# Exercise data

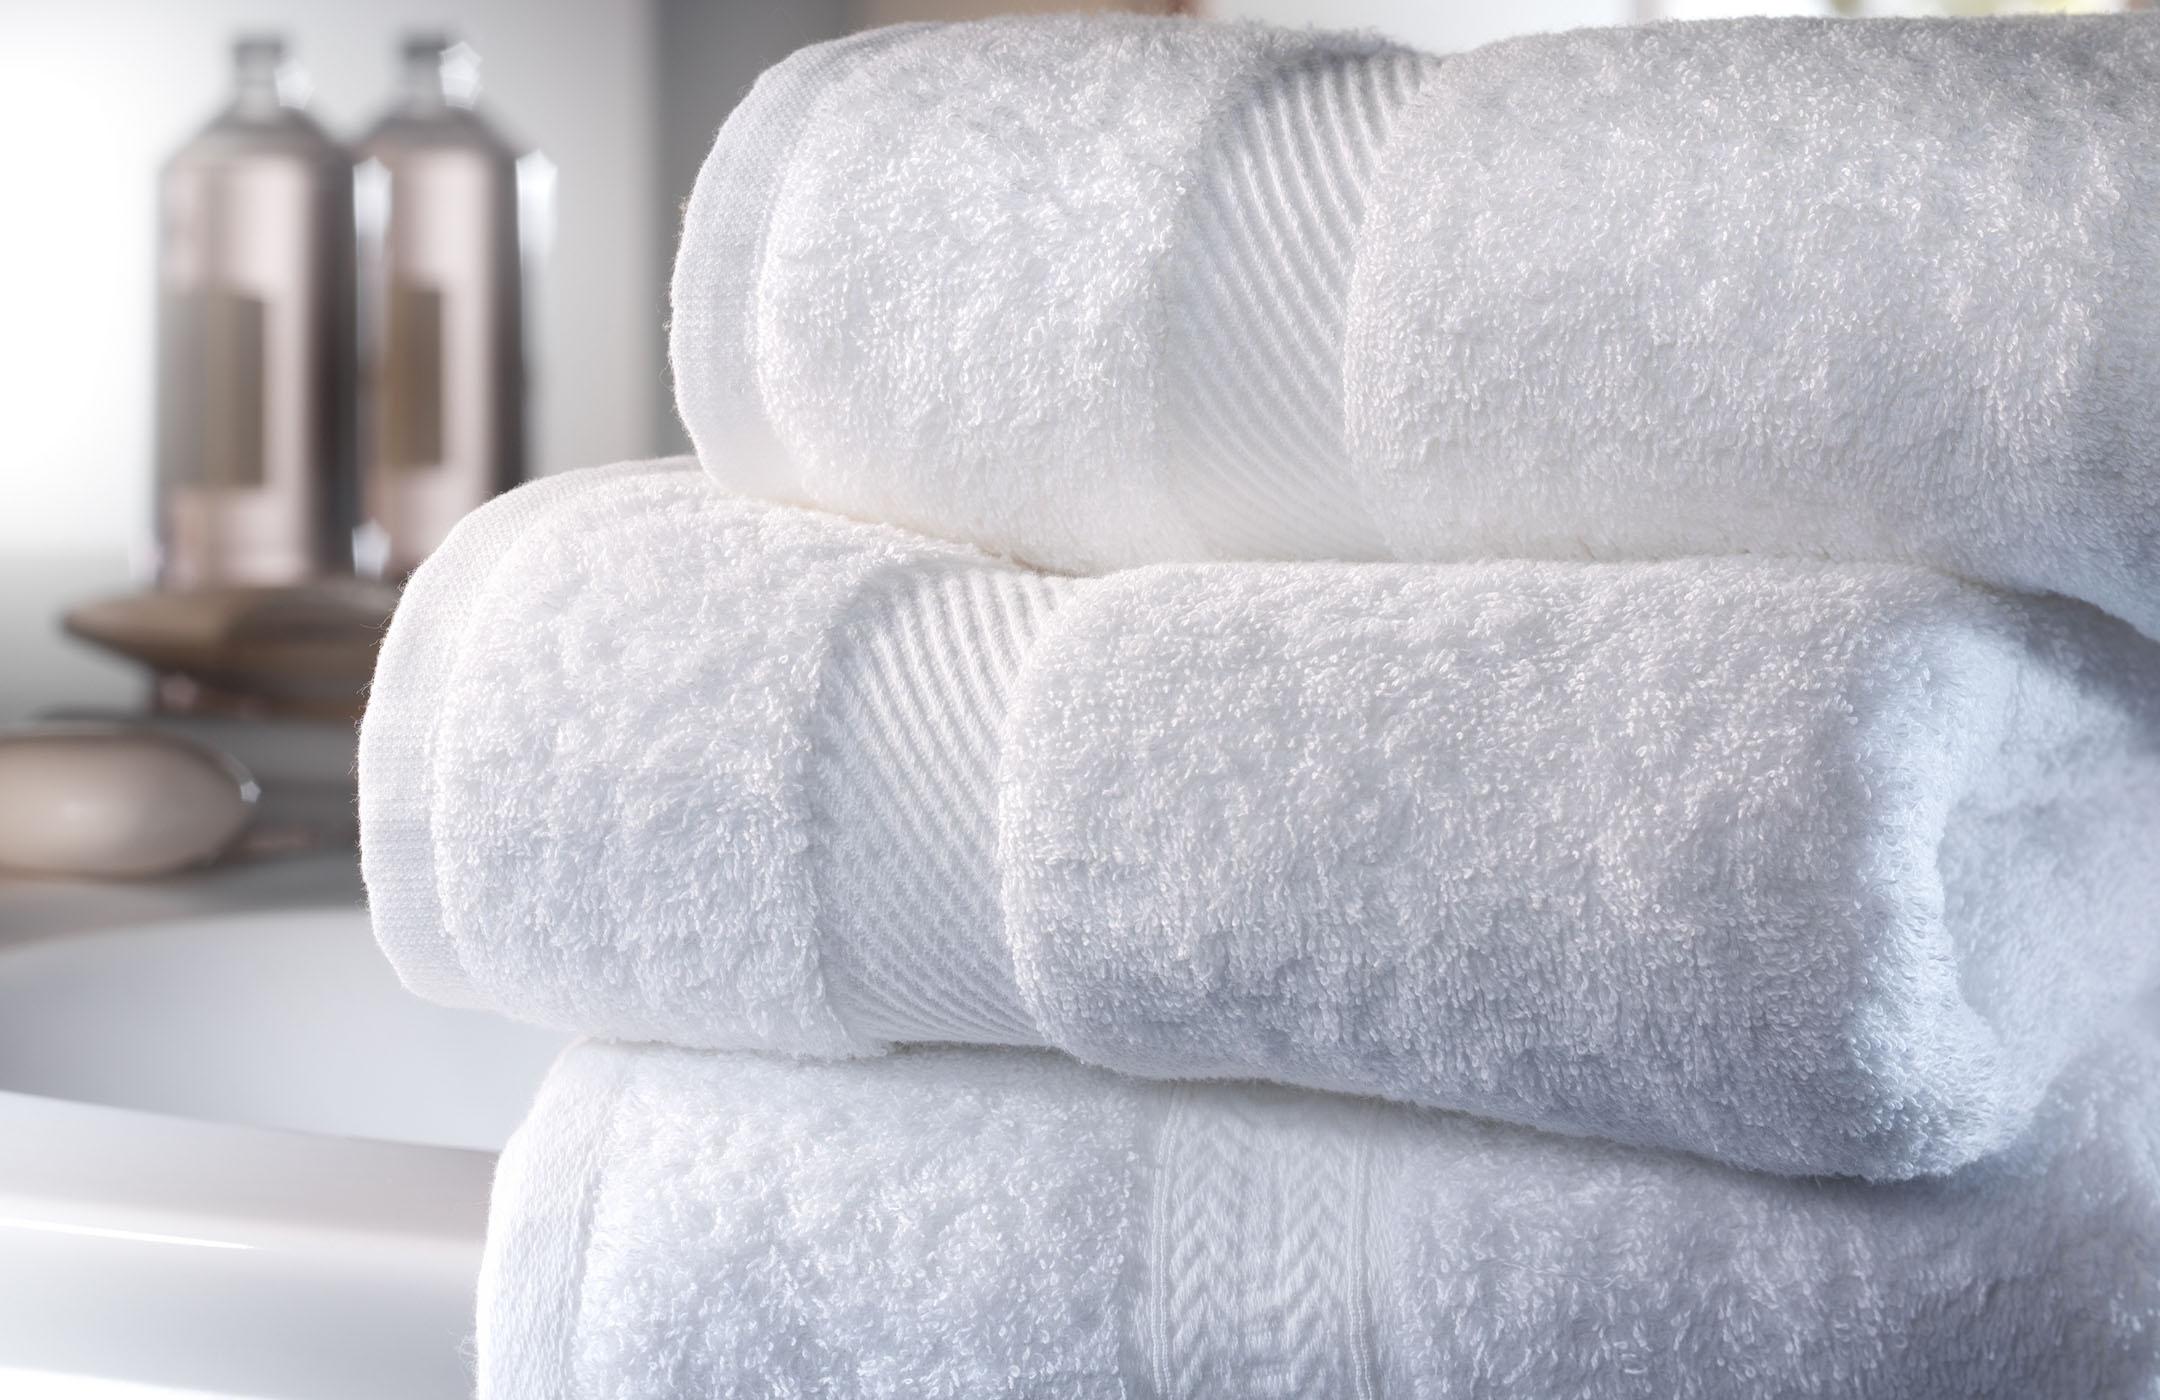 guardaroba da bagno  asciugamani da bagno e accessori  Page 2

---

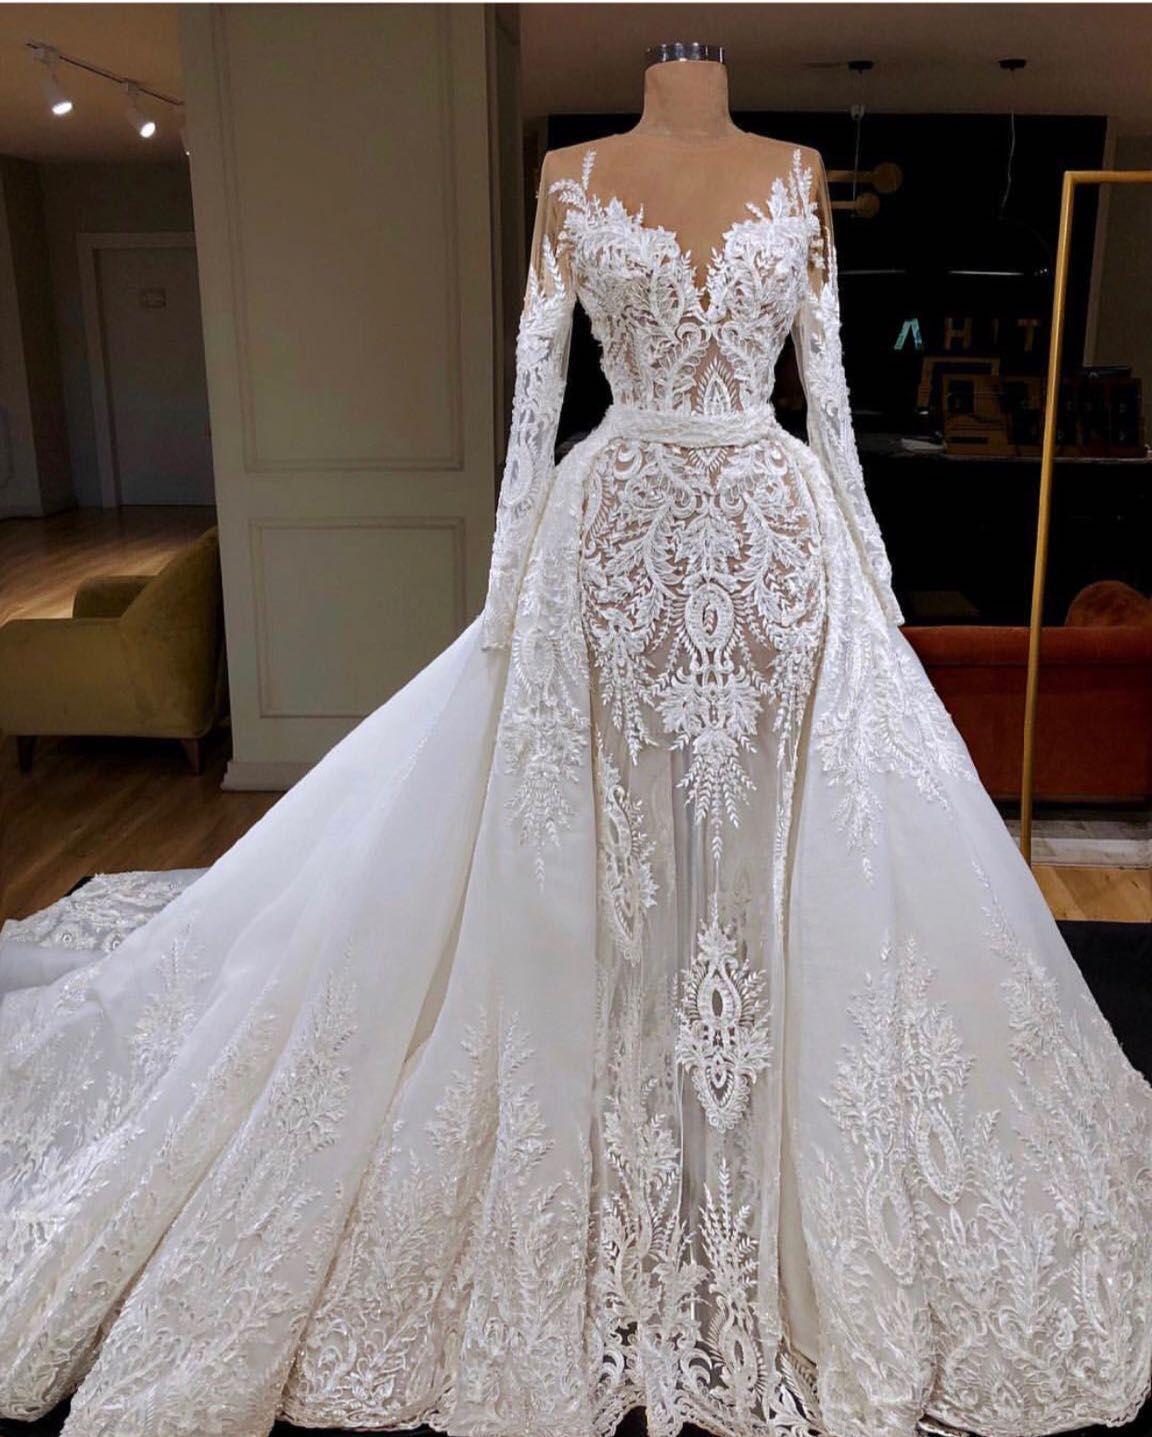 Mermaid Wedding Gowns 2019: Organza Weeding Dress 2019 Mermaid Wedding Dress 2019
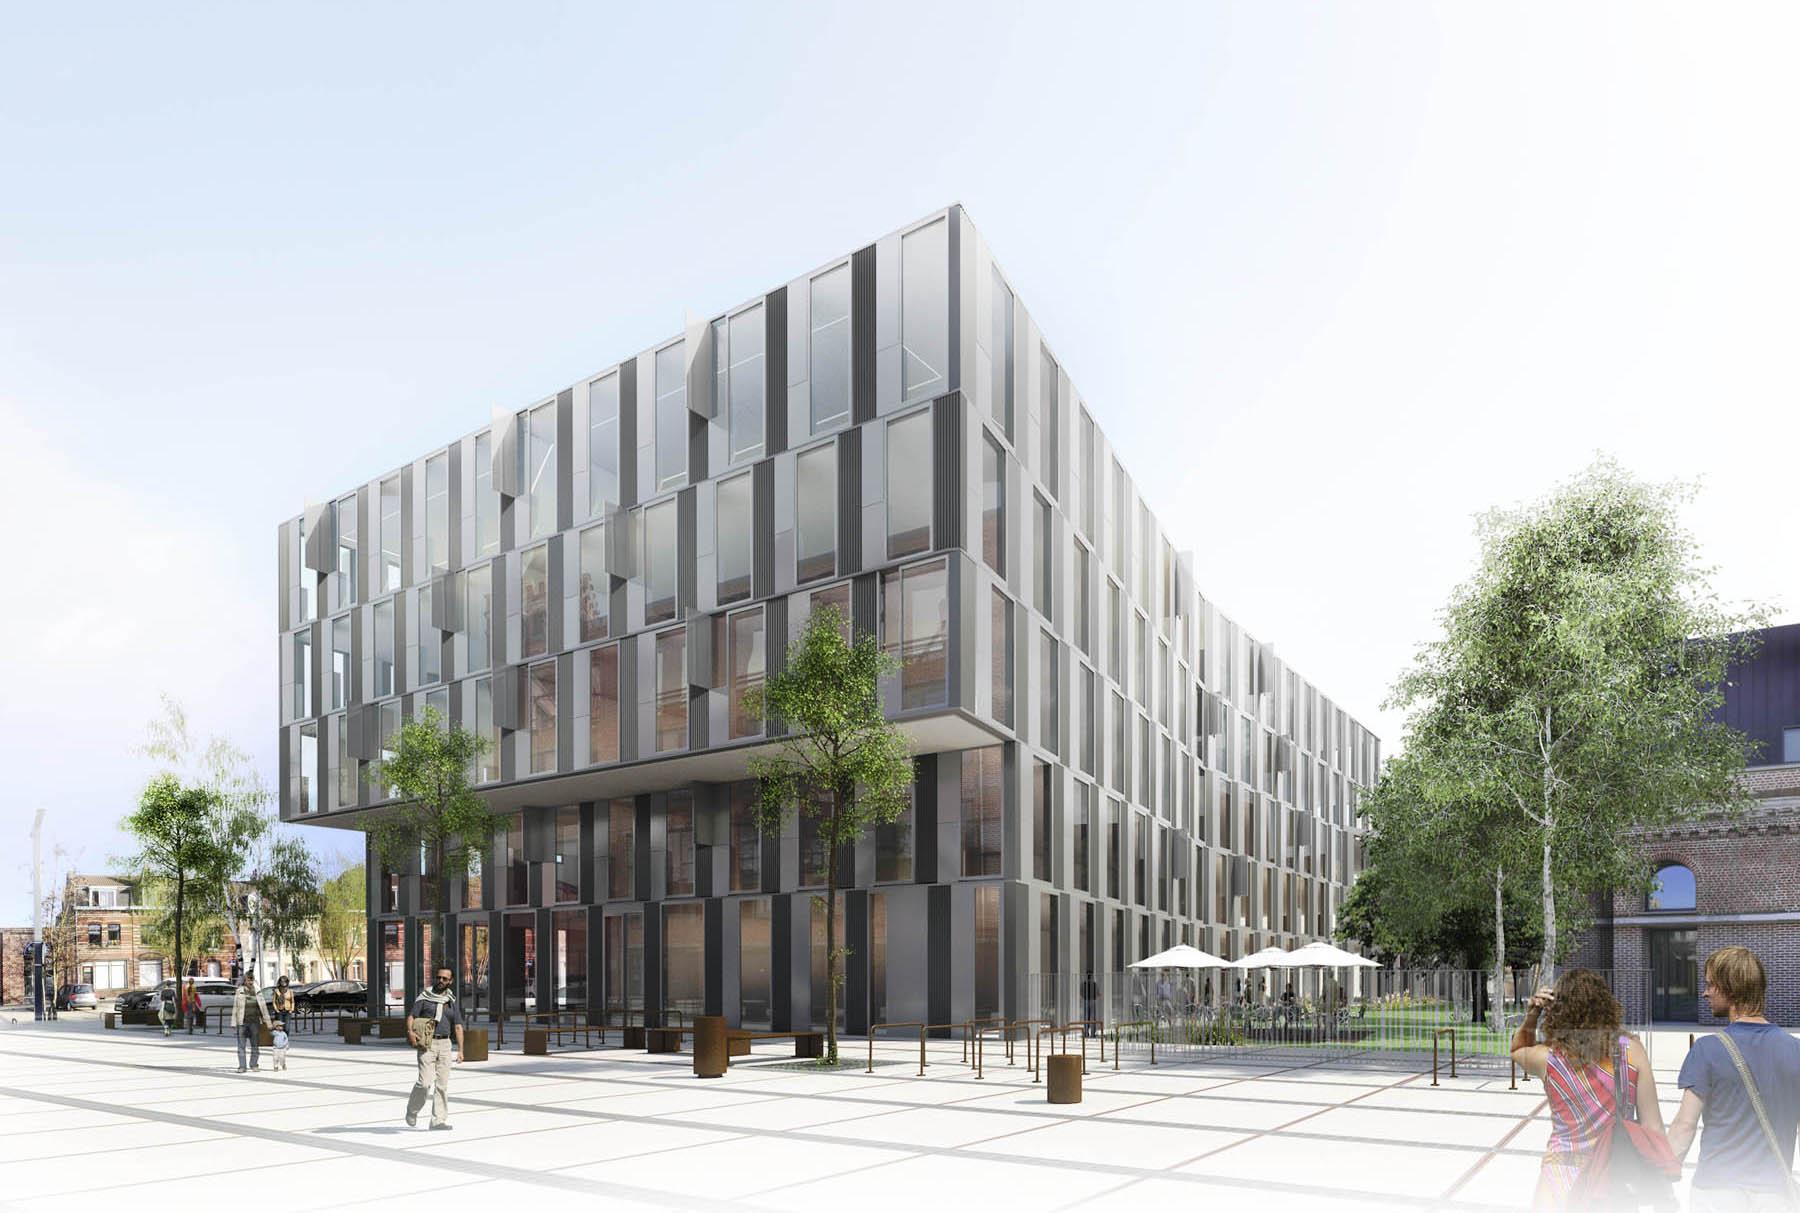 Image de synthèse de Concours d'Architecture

# Exercise details
In the listing above, find the line containing "Mermaid Wedding Gowns" and the line containing "Image de synthèse de Concours d'Architecture", then write out both of them and every line between, exactly, with no pictures.

# Solution to the problem
 Mermaid Wedding Gowns 2019: Organza Weeding Dress 2019 Mermaid Wedding Dress 2019
 Image de synthèse de Concours d'Architecture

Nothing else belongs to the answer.